Sayın Bakan, sunumunuzu dinledim dikkatle; şöyle kavramlar geçiyordu, saymadım kaç tane diye ama sıraladım: Yeşil ekonomi, yeşil dönüşüm, yenilenebilir enerji, yeşil enerji, yeşil enerji koridoru, yeşil istihdam, çevreye duyarlı politikalar; çok güzel. Yani eleştirmek için bunu söylemiyorum ama bir şeyi hatırlatmak istiyorum, büyük ihtimalle siz o yıllarda siyasetle belki de çok ilgili değildiniz ama 90'lı yıllardı. Biz ilk defa bu yeşil ekolojik toplum, çevreye duyarlılık falan konularını Türkiye'de dile getirdiğimiz zaman bize uzaydan gelmiş muamelesi yapılıyordu ama demek ki aradan yıllar geçince belli bir noktaya gelinmiş. Tabii, burada yani dünyadaki gelişmelerin, Avrupa Birliğinin bu konudaki belirlemelerinin oynadığı rol çok önemli, onu bir kenara koyalım. Şimdi ama biz yani bu "ekolojik toplum" derken, "demokratik, ekolojik toplum" gibi kavramları kullanırken özellikle bir şeyi vurguluyorduk orada, nedir; "ekolojik toplum" derken ekolojik dengenin korunması meselesini çok önemsiyorduk. Yoksa yani sadece her meselenin başına bir "yeşil" yazmakla ekolojik denge korunmuş olmuyor yani buraya dikkat etmek gerekiyor. "Demokratik ekolojik toplum" derken de kastettiğimiz bu tür yani vatandaşların, yurttaşların yaşadığı yerlerdeki projelerin esas itibarıyla o yerelde yaşayan insanlara sorulması gerektiğini yani madenler söz konusuysa, eğer santraller söz konusuysa, eğer çeşitli RES, GES, HES projeleri söz konusuysa o yerelde yaşayan insanların yaşam alanlarına ve yaşam alışkanlıklarına zarar veren, tahrip eden, müdahale eden projeler mi bunlar acaba diye oraya sorulması ve onların rızasının alınarak bu tür projelerinin geliştirilmesi gerektiğini söylüyorduk, özellikle "demokratik, ekolojik toplum" derken. Fakat şu anda Bakanlığınızı kastetmiyorum, daha önceki uygulamalarda da bu tür bir demokratik yaklaşımı hiçbir şekilde görmedik, tam tersine, bunun aksini çok gördük. Özellikle Karadeniz Bölgesi'ne bakarsak orada insanların kendi yaşam alanlarını savunmak için sürdürdükleri mücadeleler gerçekten çok net olarak durumu ortaya koydu. Yani biz yıllardan beri yani çok eski yıllardan beri mesela HES'leri savunuruz "HES'ler önemlidir." deriz ama siz, HES'lerin uygulamasını öyle bir hâle getirdiniz ki doğa tahribatını, akarsuların tahribatını ve ona bağlı olarak yaşam alanlarının tahribatını öyle bir hâle getirdi ki bu iktidar yani HES'ler savunulamaz hâle geldi yani HES faydalı değil zararlı bir şey hâline geldi.

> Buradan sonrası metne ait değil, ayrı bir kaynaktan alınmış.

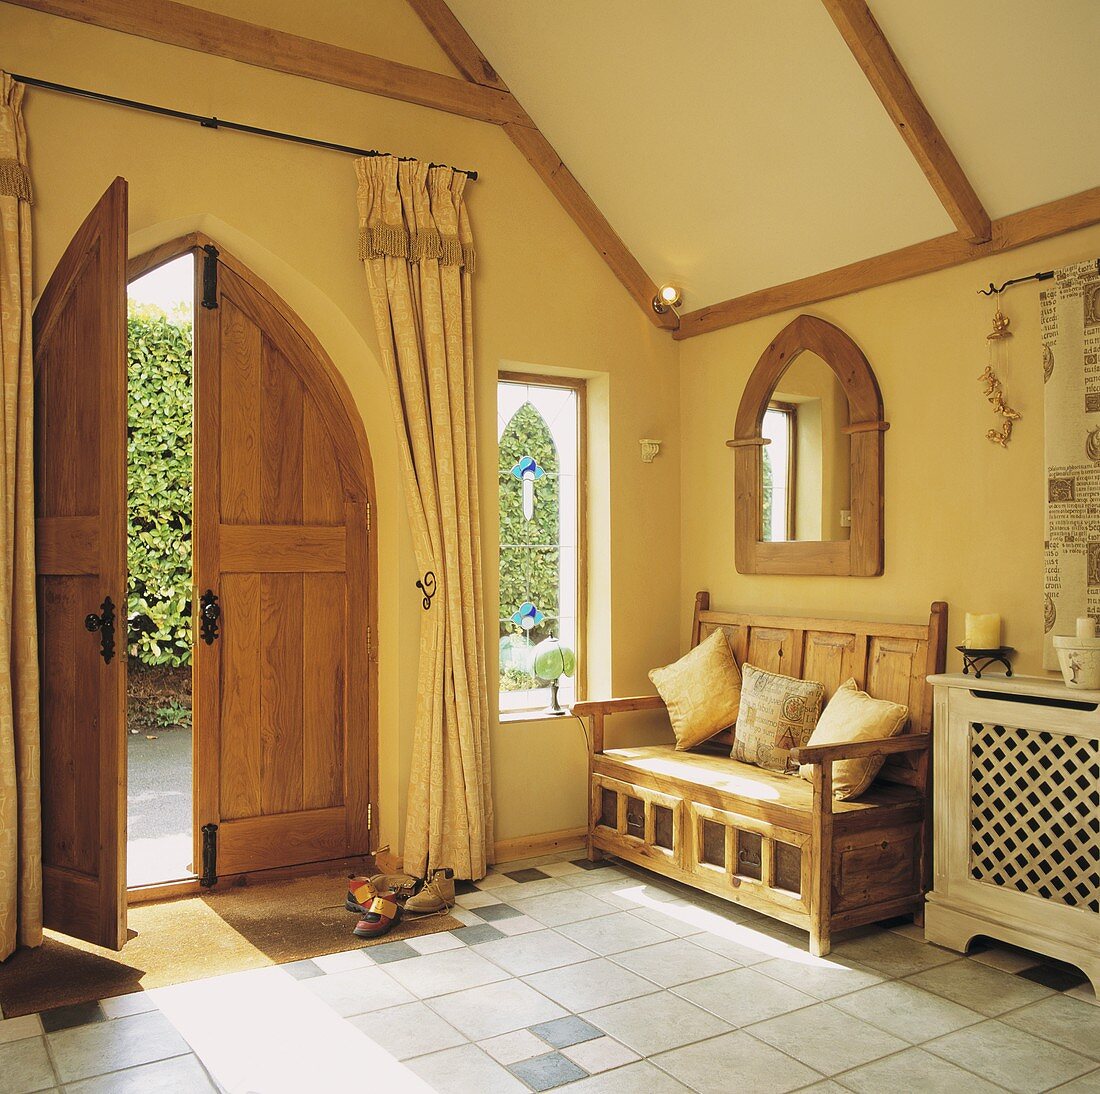 Eingangsraum eines Landhauses mit gothischer Flügel-Holztür und einem gothischen Spiegel mit Holzrahmen an der Wand
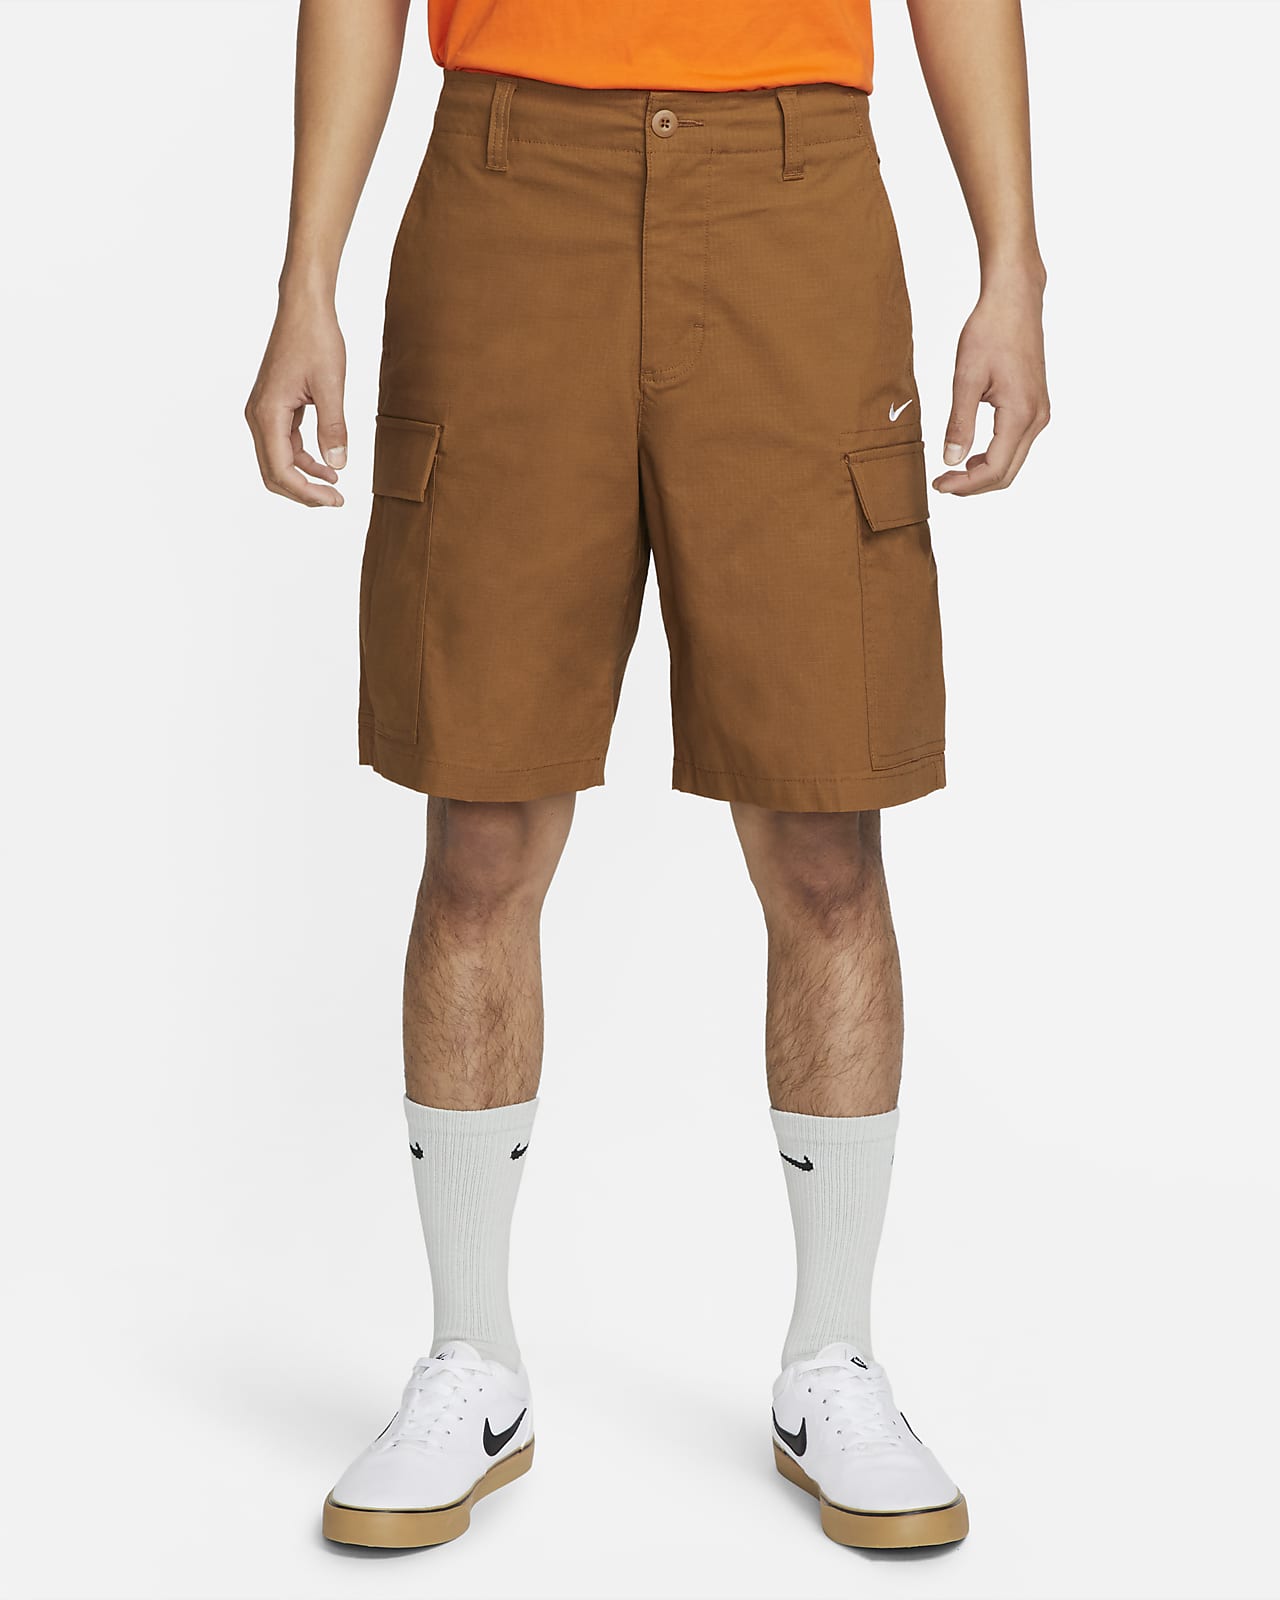 Brown short shorts

Dolayısıyla, yani her şeyin önüne "yeşil" yazmakla olmuyor tam olarak, bunu anlatmaya çalışıyorum bu vurguları yaparken ve gerçekten, bu konuda özellikle yurttaşların rızalarının alınmasının -yerel projelerde- çok önemli olduğunu söylüyorum. Mesela, evet, yenilenebilir enerji çok önemli bir konu hem rüzgâr açısından baktığımızda hem güneş açısından baktığımızda ve bizim coğrafyada, bizim topraklarda sonuç olarak çok kolay kullanılabilecek ve geliştirilecek bir şey, nitekim görünüyor da şimdi. Biz bunu zamanında söylediğimizde kimseye anlatamıyorduk ama şimdi anlaşıldı, haklı olduğumuz ortaya çıktı ama yani bunun verdiği zararlar da var ve bu zararları, özellikle yerelde yaşayan insanlar açısından bu zararları dikkate almamak ve -diyelim-verimli tarım arazilerini tahrip etmek gibi adımlar tabii ki olmaması gereken şeyler. Yani bunun dengesinin kurulması gerekiyor, özellikle bunu belirtmek istiyorum. Aksi takdirde, dediğim gibi, sadece önüne "yeşil" ve "çevreye duyarlı" demekle olmuyor bu mesele. Birincisi, buna dair bir şey söyleyeceğim. Buna bağlı olarak neden bir örnek vermek istiyorum, onu da anlatacağım.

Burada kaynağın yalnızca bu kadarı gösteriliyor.